Trigonometric identities are vital tools in mathematics that allow us to simplify and manipulate expressions involving trigonometric functions. They are equations that are true for all values of the variable where both sides of the equation are defined. Some common trigonometric identities include:

• The Pythagorean identity: \(\sin^2 x + \cos^2 x = 1\)
• The tangent and secant identity: \(1 + \tan^2 x = \sec^2 x\)
• The cotangent and cosecant identity: \(1 + \cot^2 x = \csc^2 x\)

In the given exercise, the identity \(1 + \tan^2 x = \sec^2 x\) is used to simplify the expression in the denominator. This particular identity helps us transform complex trigonometric expressions into simpler forms that are more manageable and easier to integrate.

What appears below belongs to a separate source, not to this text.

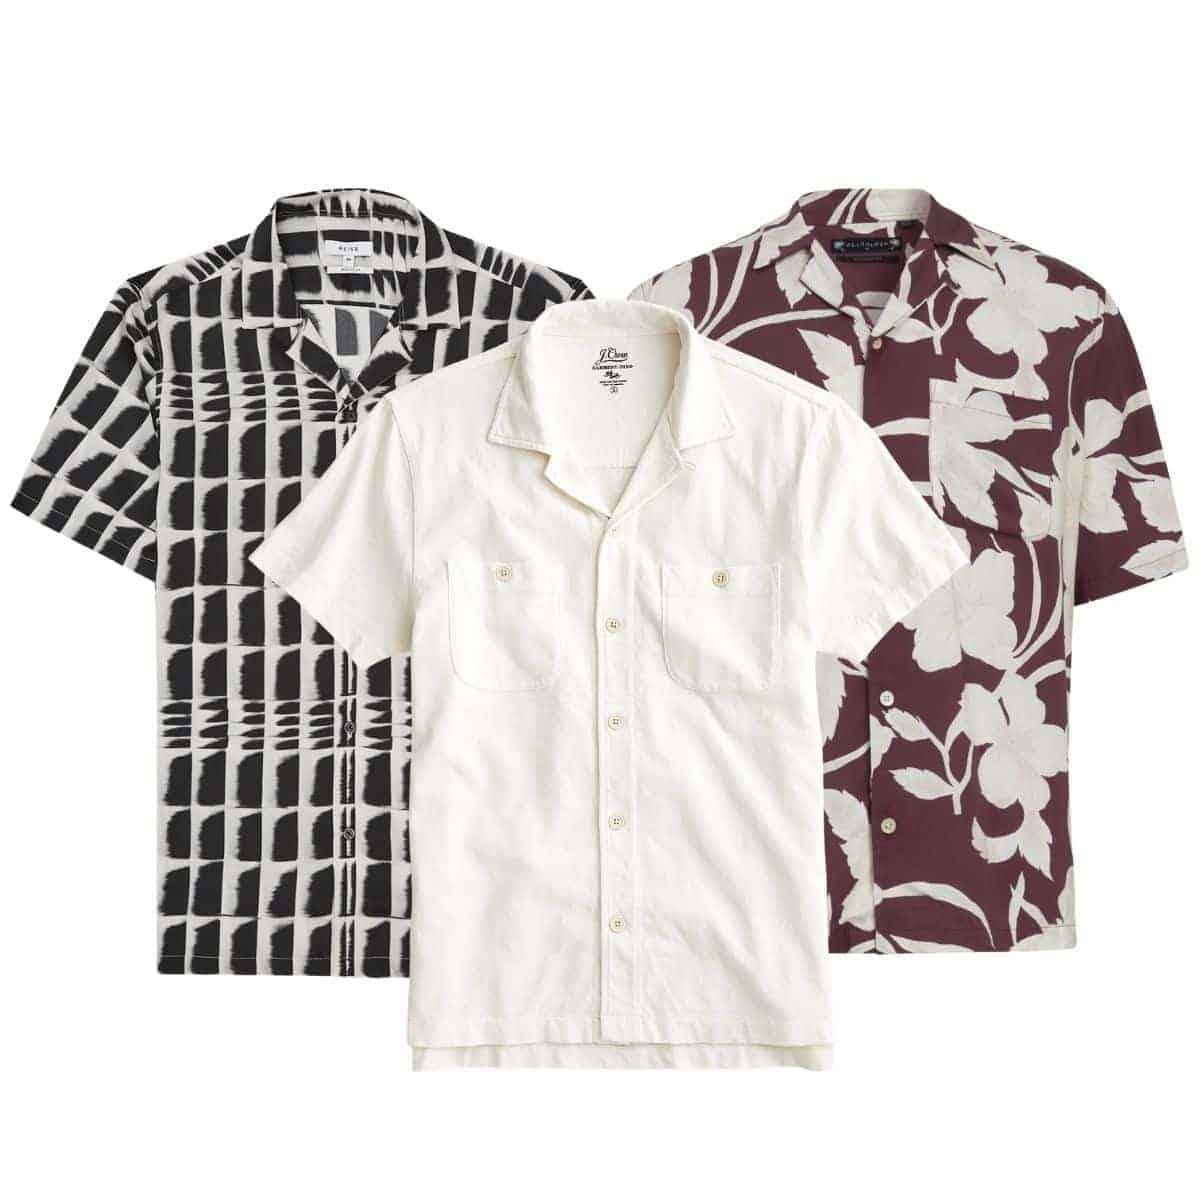 Three camp collar shirts.

The substitution method in calculus is a powerful technique used to evaluate integrals. It involves changing the variable in the integral to simplify the expression, similar to using a change of variables. This method is particularly useful when dealing with trigonometric integrals or integrals involving composite functions.When using the substitution method, follow these steps:

• Identify a substitution that can simplify the integral. This often involves choosing a 'u' that makes the differential 'du' appear elsewhere in the integral.
• Write down the relationship between 'dx' and 'du'.
• Substitute 'u' in the integral, simplifying the expression if possible.
• After integrating, substitute back the original variable.

In the exercise, the substitution \(u = \tan x\) simplifies the integral because \(du = \sec^2 x dx\), turning a complex trigonometric integral into a much simpler form.

The Pythagorean identity is one of the foundational identities in trigonometry. It expresses the fundamental relationship between sine, cosine, and other trigonometric functions. The most well-known Pythagorean identity is \(\sin^2 x + \cos^2 x = 1\). From this, we can derive other useful identities:

• \(1 + \tan^2 x = \sec^2 x\)
• \(1 + \cot^2 x = \csc^2 x\)

In the exercise, the Pythagorean identity \(1 + \tan^2 x = \sec^2 x\) is rearranged to express \(\sec^2 x\) in terms of \(\tan^2 x\). This allows the simplification of the expression under the square root, ultimately aiding in the integration process. Recognizing and applying these identities correctly is crucial in solving integrals efficiently.

Integral calculus is a significant part of calculus that deals with integrals and their properties. It focuses on finding antiderivatives of functions, a process called integration, which is the inverse operation of differentiation. There are two main types of integrals:

• Indefinite Integrals: These represent families of functions and include a constant of integration, denoted by \(C\).
• Definite Integrals: These calculate the area under a curve within a specified interval and yield a numerical value.

Indefinite integrals, like those in the exercise, do not have specific limits and give a general form of the antiderivative. The solution of the integral \(\int du\) yields \(u + C\), where \(C\) is the constant of integration, reminding us of the family of curves that represent the antiderivative. The final result, \(\tan x + C\), shows that the antiderivative of the given expression is related to the tangent function, underlining the profound connections between trigonometric functions and their integrals.